Koloni bakteri individu yang tumbuh di piring agar diambil menggunakan ujung pipet steril atau tusuk gigi. Setiap koloni disentuh sebentar, mentransfer sejumlah kecil sel. Ujung yang sama digunakan untuk menginokulasi tabung PCR dan piring master untuk kultur selanjutnya.

2. Lisis Sel

Sel bakteri dipanaskan hingga 95°C selama beberapa menit selama langkah denaturasi awal PCR. Perlakuan panas ini melisiskan sel, melepaskan DNA plasmid ke dalam campuran reaksi. DNA yang dibebaskan kemudian berfungsi sebagai templat untuk amplifikasi.

3. Amplifikasi PCR

Primer yang mengapit wilayah insersi dalam plasmid digunakan. Jika koloni mengandung plasmid dengan insersi yang benar, PCR akan menghasilkan pita pada ukuran yang diharapkan. Jika plasmid kosong (tanpa insersi), pita akan lebih kecil. Jika koloni tidak mengandung plasmid sama sekali, tidak akan ada pita yang dihasilkan.

4. Analisis Gel

Produk PCR dianalisis dengan elektroforesis gel agarosa.
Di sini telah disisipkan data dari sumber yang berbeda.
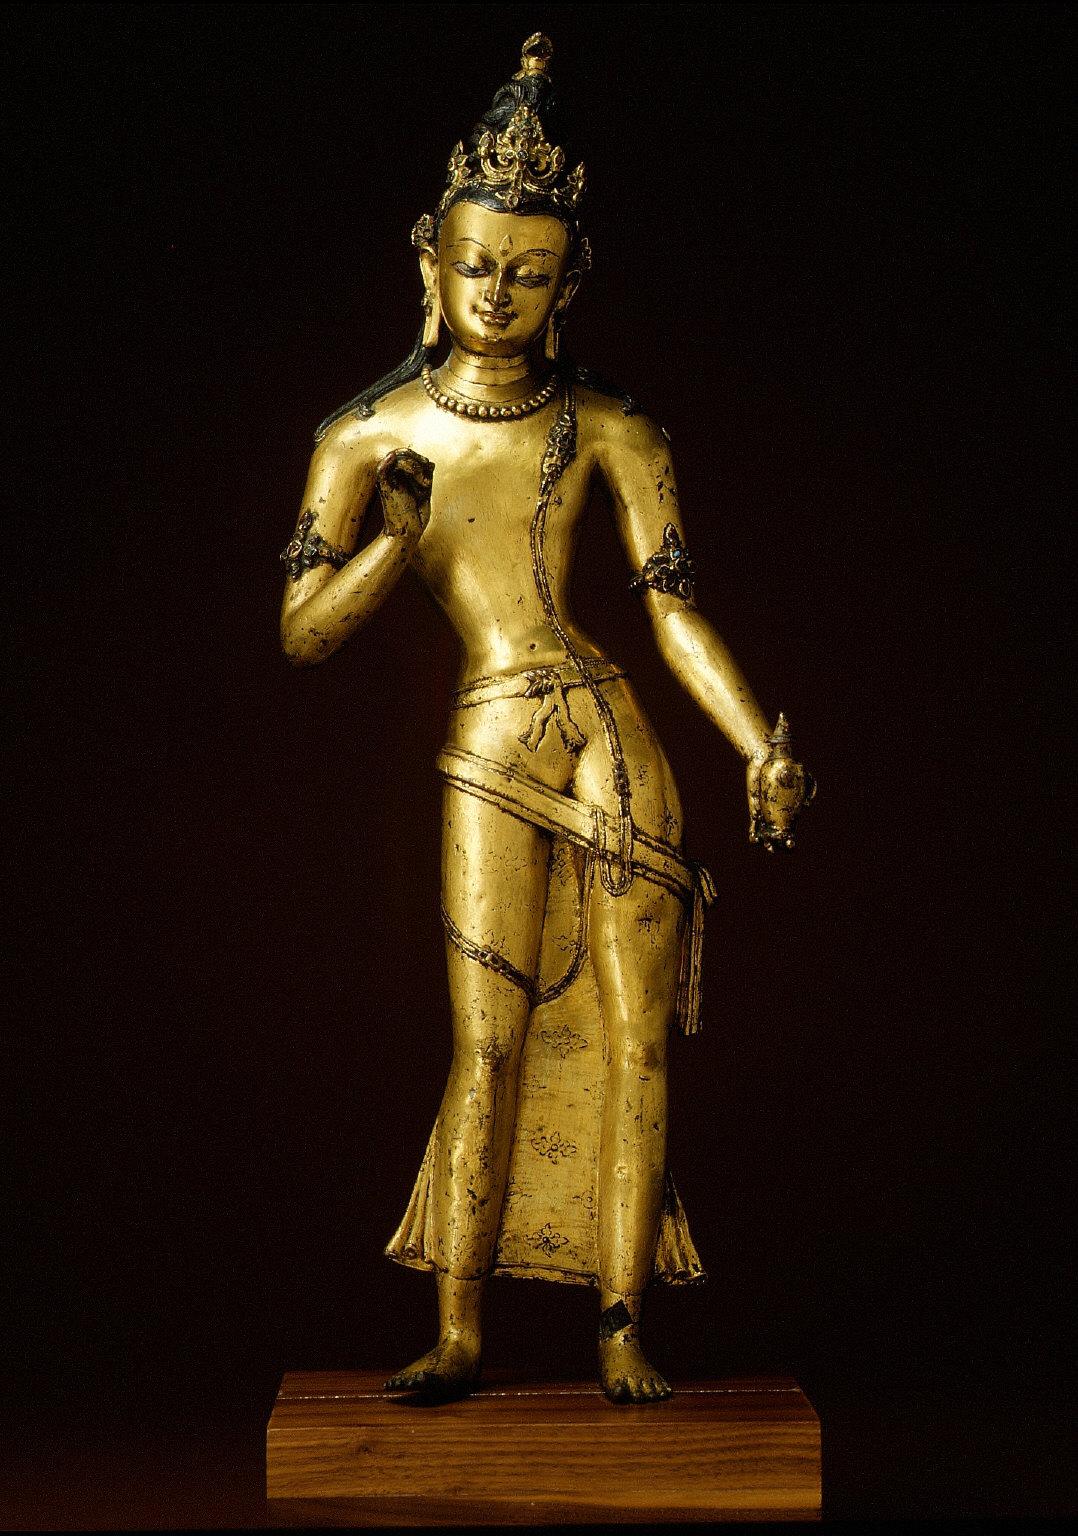 Standing Bodhisattva Maitreya (The Bodhisattva of the Future)

Koloni yang menghasilkan pita pada ukuran insersi yang diharapkan diidentifikasi sebagai positif. Koloni ini kemudian dapat ditumbuhkan untuk pemurnian plasmid dan analisis lebih lanjut.

5. Keuntungan

PCR koloni cepat dan murah, memungkinkan lusinan koloni diskrining dalam beberapa jam. Ini menghilangkan kebutuhan pemurnian plasmid sebelum skrining dan merupakan langkah standar pertama dalam alur kerja kloning molekuler.